Natural disasters linked to climate change have increased. Over the past thirty years, extreme weather events associated with climate change such as storms, floods and droughts have increased dramatically. In 2019 alone, extreme weather events around the world caused more than USD 100 billion worth damage.

The impact of climate change disasters extends beyond the environment. Climate change also has humanitarian and social consequences with thirteen out of 20 countries worldwide that are considered most vulnerable to climate change witnessing an inter-agency humanitarian appeal in 2019. Such consequences are often overlooked.

While climate change may not be the only driver behind the emergence and worsening of these humanitarian and social issues, its effect is significant and will increase over time.

Humanitarian crises are complex, protracted, rising and are difficult to manage.

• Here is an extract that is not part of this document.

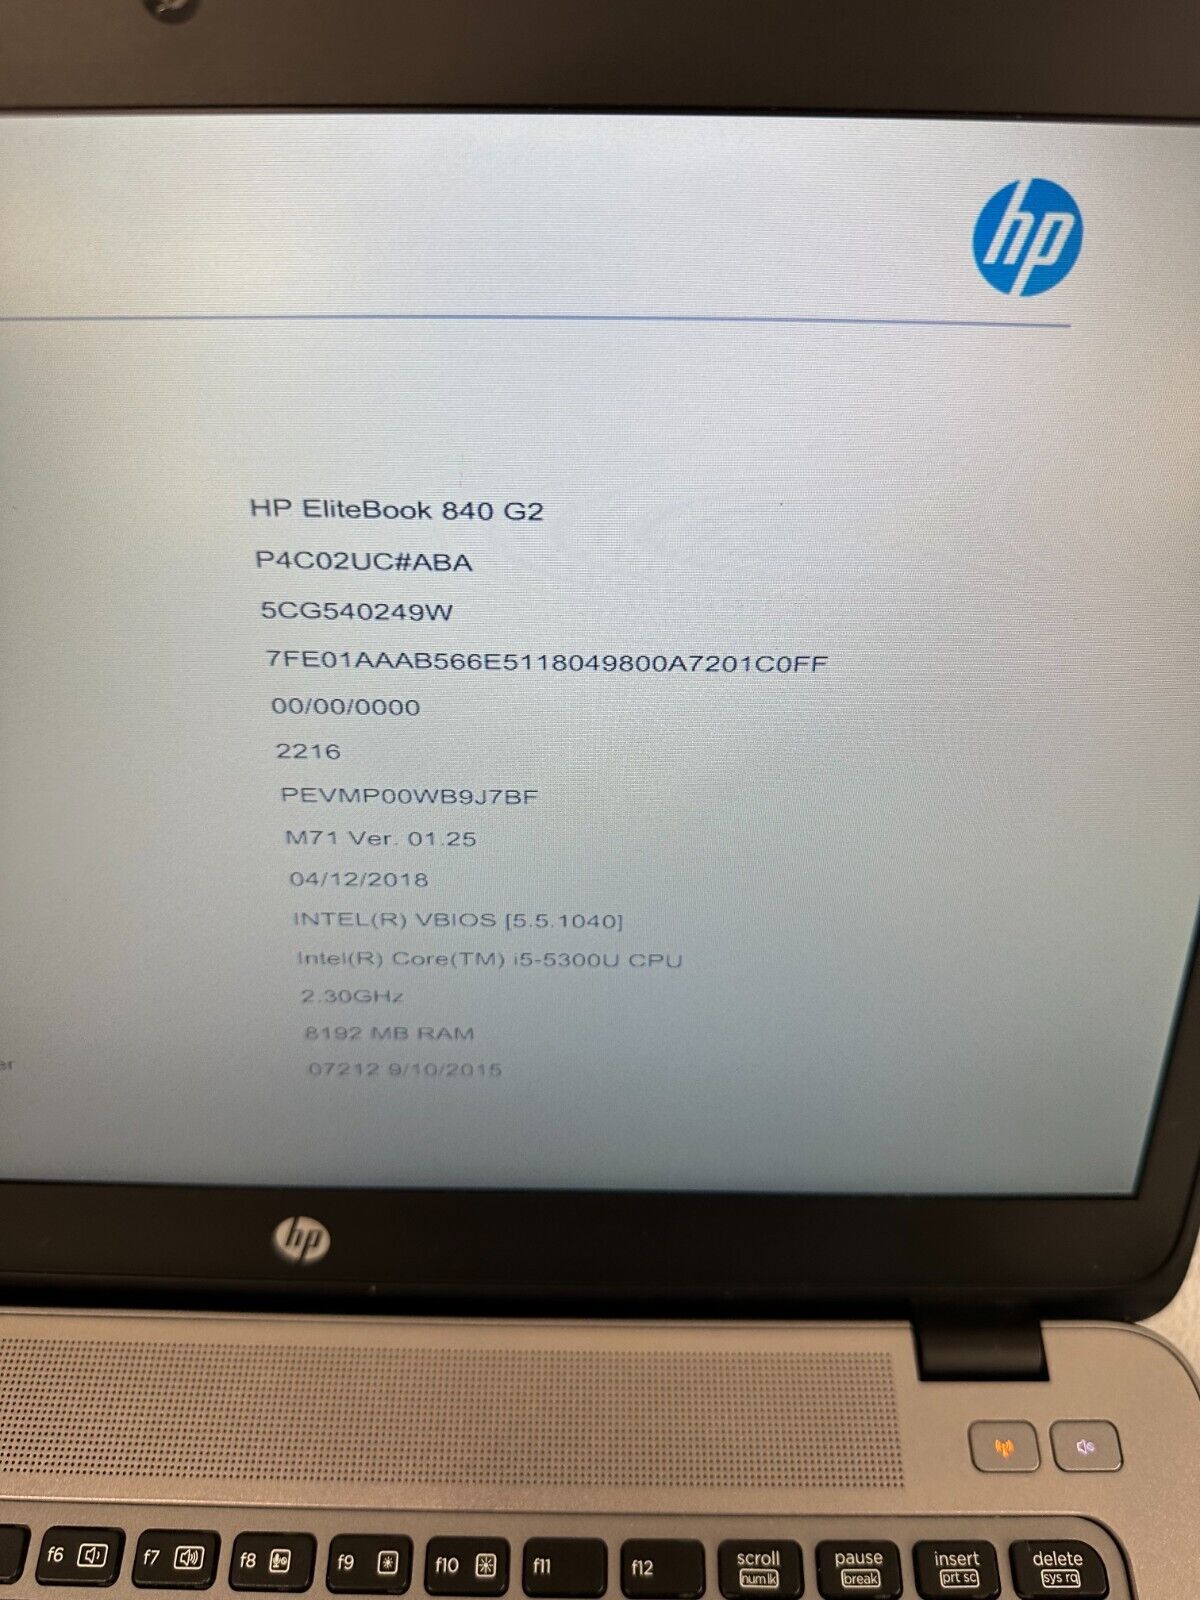 LOT of 15 HP EliteBook 840 G2 i5 5th Gen 2.30GHz 8GB RAM (READ) QTY AVAIL

This has rendered humanitarian aid and development assistance alone insufficient. Recent research shows that the funding gap for humanitarian needs has increased approximately 3.5 fold between 2009 and 2019 to reach a gap of approximately USD 14 billion. This equates to 46% of all funding needs uncovered.

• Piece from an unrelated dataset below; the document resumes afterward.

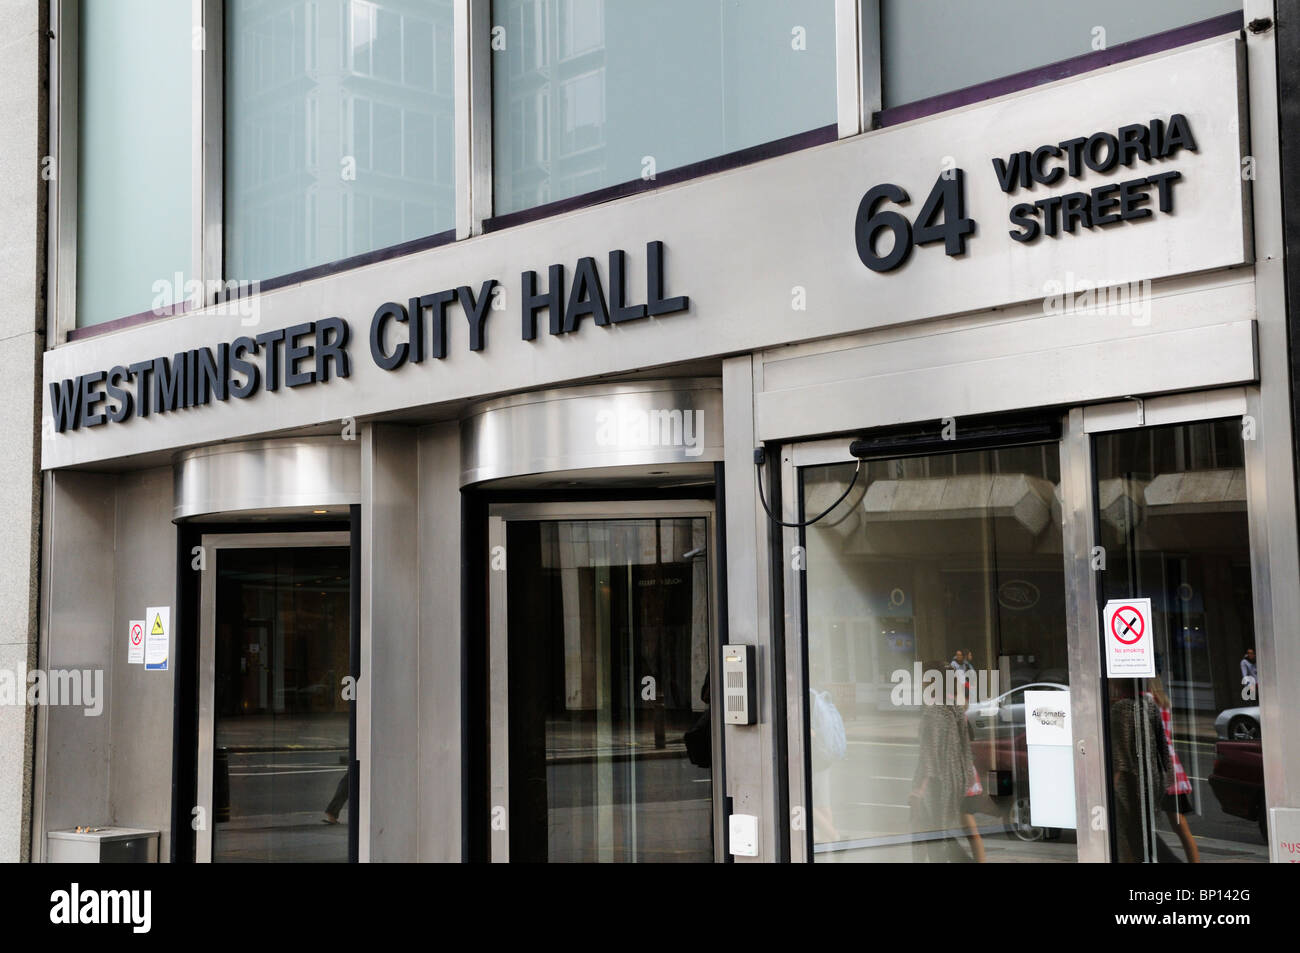 Westminster City Hall 64 Victoria Street, Westminster, London, England, Vereinigtes Königreich Stockfoto

The current COVID-19 pandemic is expected to further worsen the situation by adding 20% to the world’s humanitarian bill. For instance, the World Bank Group has launched emergency support and are expecting to deploy up to USD 160 billion over the coming 15 months to support countries, including protecting the poor and vulnerable.

Rightly, the acute and complex nature of humanitarian crises has resulted in the majority of funding being directed towards responding to immediate life-saving requirements. Thus, insufficient resources are being directed to prevention, resilience and recovery that could provide long-term support for communities in need, strengthen local markets and build self-reliance.

The gap in humanitarian aid calls for alternative sources of capital, specifically in moving from funding to financing and hence involvement from investors. Investor involvement in financing areas affected by fragility and crises is important in achieving the SDGs.

Despite the fact that demand for impact investment is growing, there is a mismatch between investor demand and the availability of investable opportunities. The difficulty in expanding investment opportunities in humanitarian settings is that these often have the least attractive investments, are highest in risk and have high transaction costs. Further, humanitarian and development organisations have little understanding of what investors requirements are.

Such constraints have exacerbated the low prospects that call for better levels of partnerships between impact investors, humanitarian and development organisations. One possible form of partnership revolves around job and services creation to help increase income levels for vulnerable communities and help them meet their needs.

These partnerships will also contribute to creating trust and stability by building better functioning markets and trading relationships that are sustainable, inclusive and operate with integrity.

Another form of partnership revolves around the activation of stakeholders such as donors, development institutions and humanitarian organisations to act as a catalyst to develop an investable opportunities pipeline to enable the de-risking of capital.